→ TASK ITEM:
An exact reprint of the listing is required, with no pictures included.

→ DATA EXTRACT:
++++++++

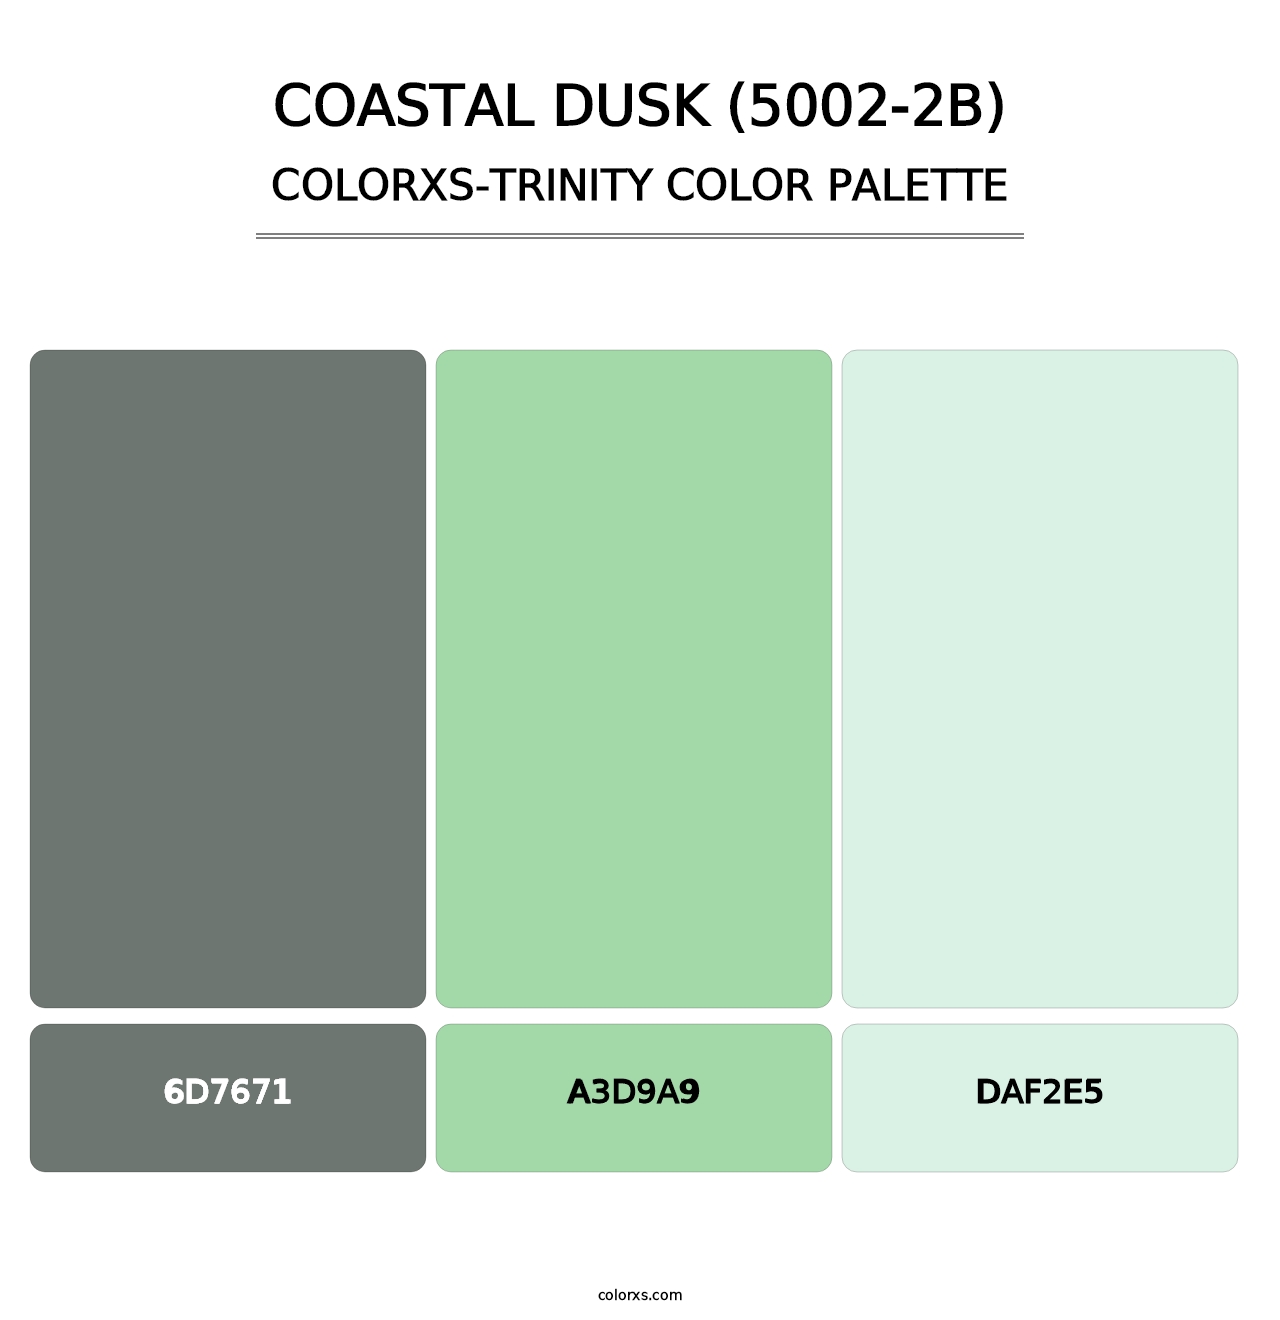 Coastal Dusk (5002-2B) - Colorxs Trinity Palette
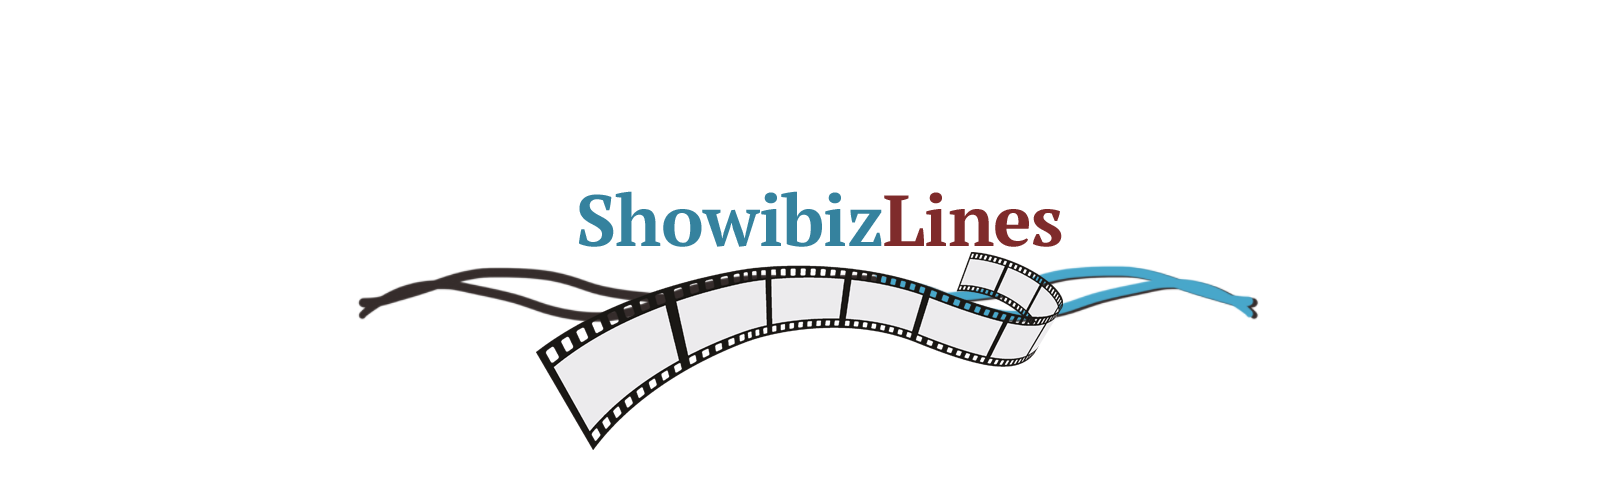 Showbiz Lines
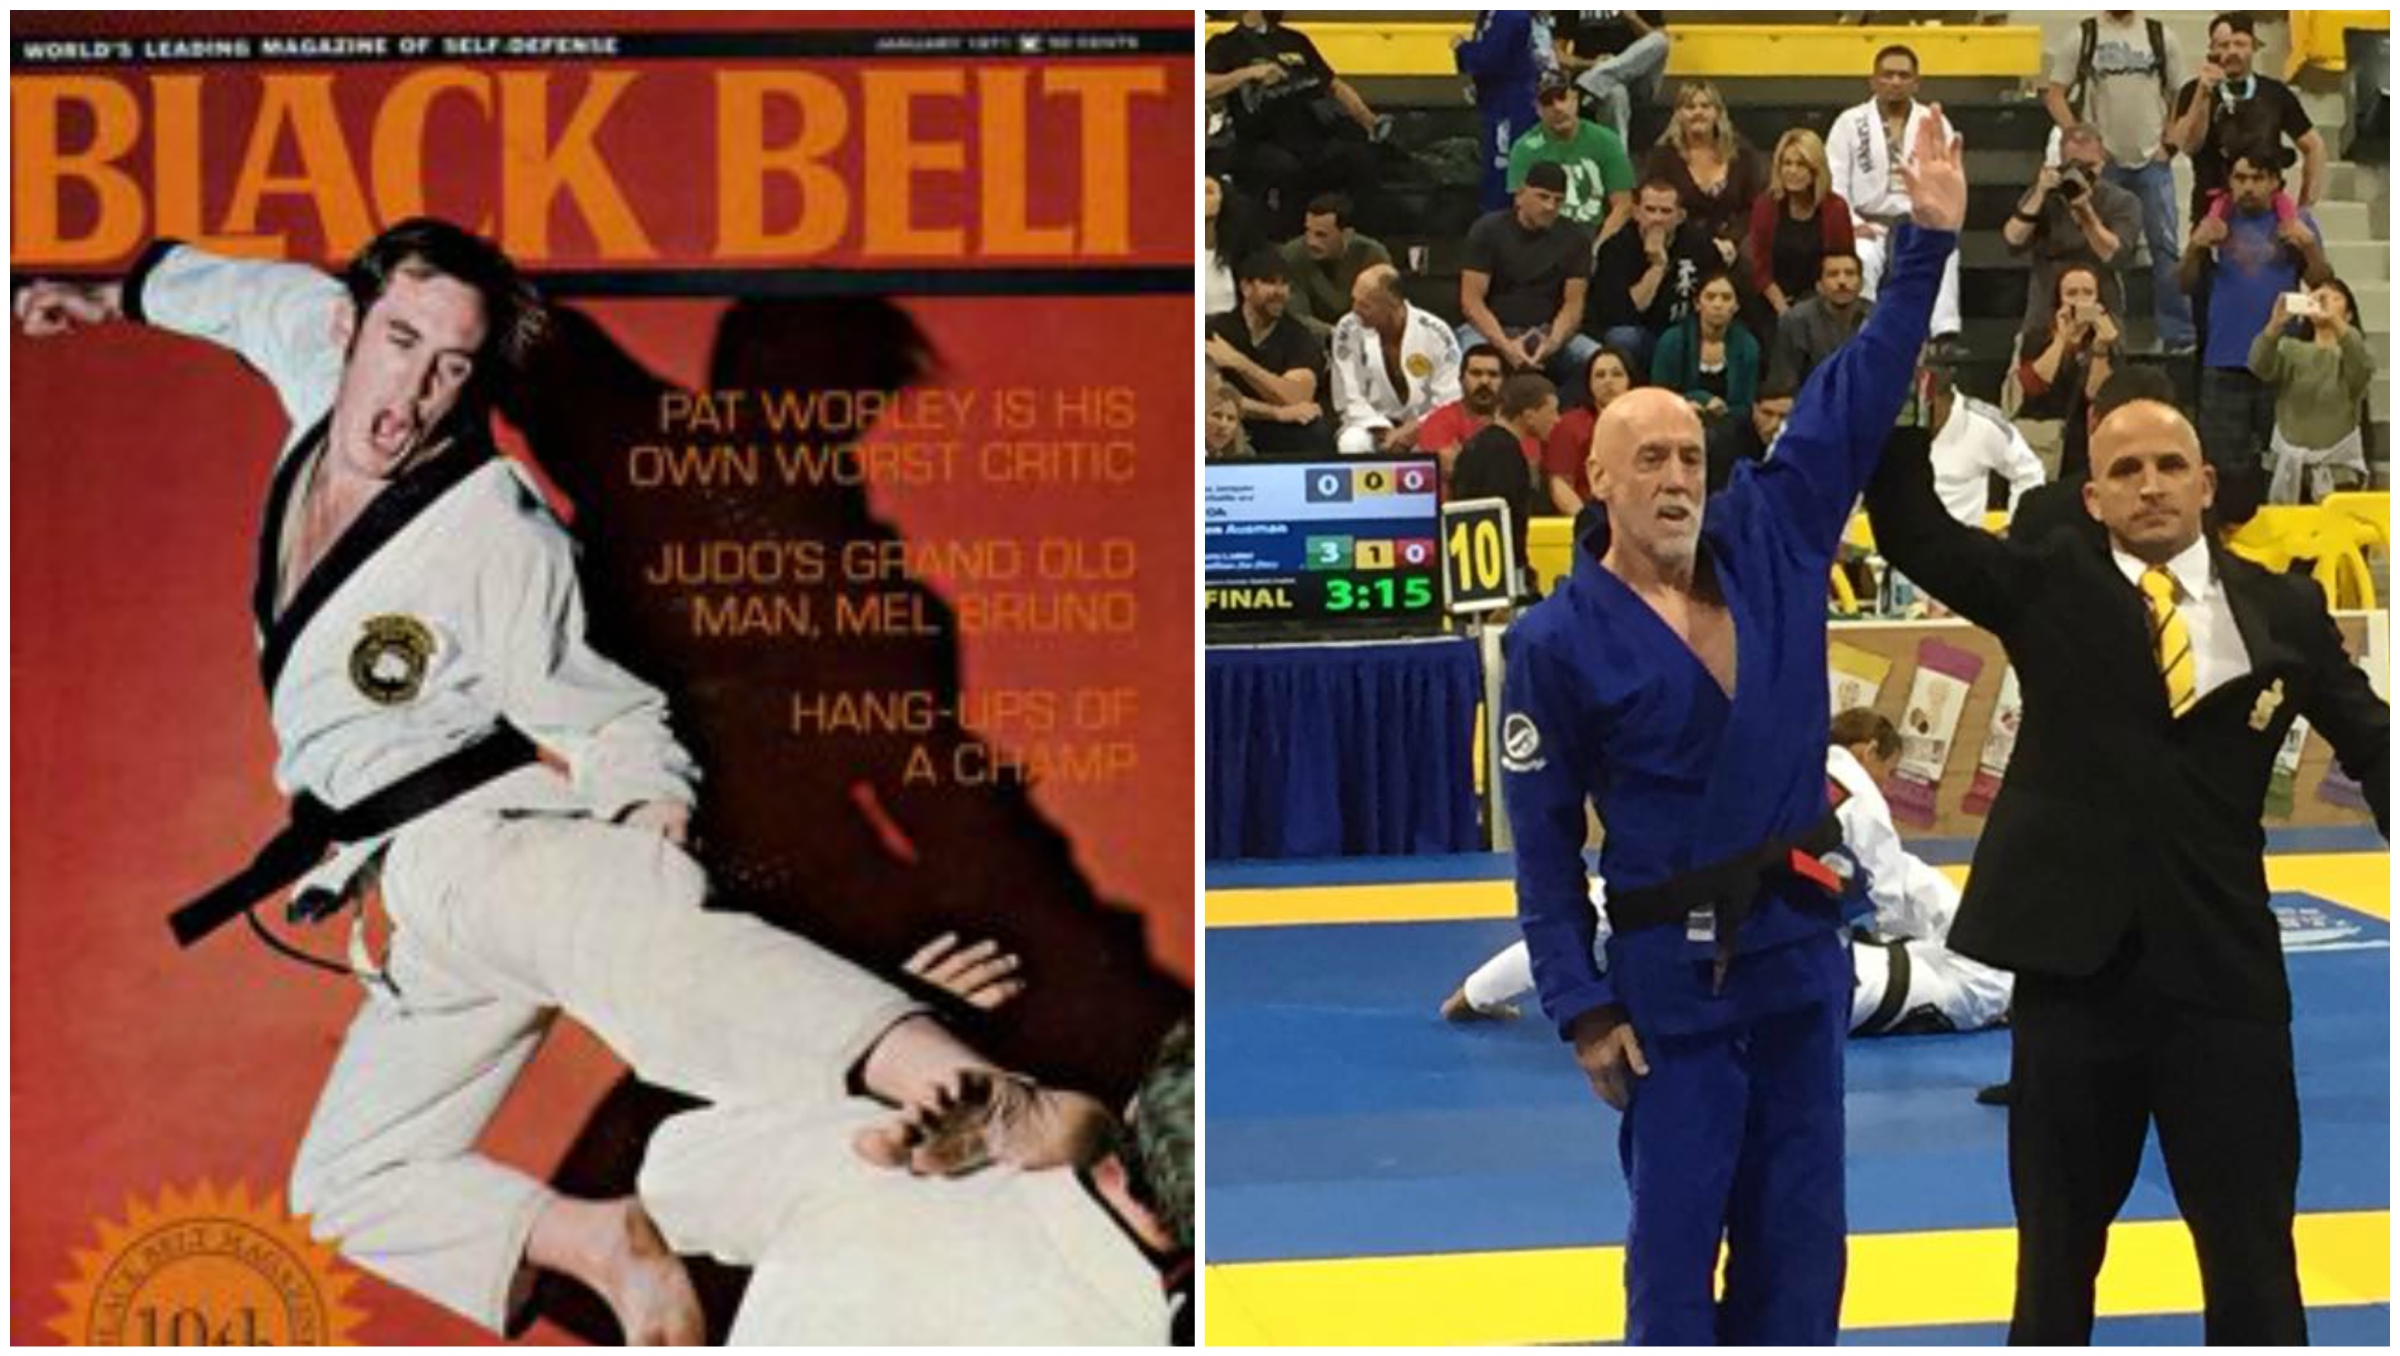 Inspiration: Pat Worley, Karate Legend & 2015 Pan Master Black Belt Champ

++++++++

→ REPLY TO THE TASK:
 Coastal Dusk (5002-2B) - Colorxs Trinity Palette
 Showbiz Lines
 Inspiration: Pat Worley, Karate Legend & 2015 Pan Master Black Belt Champ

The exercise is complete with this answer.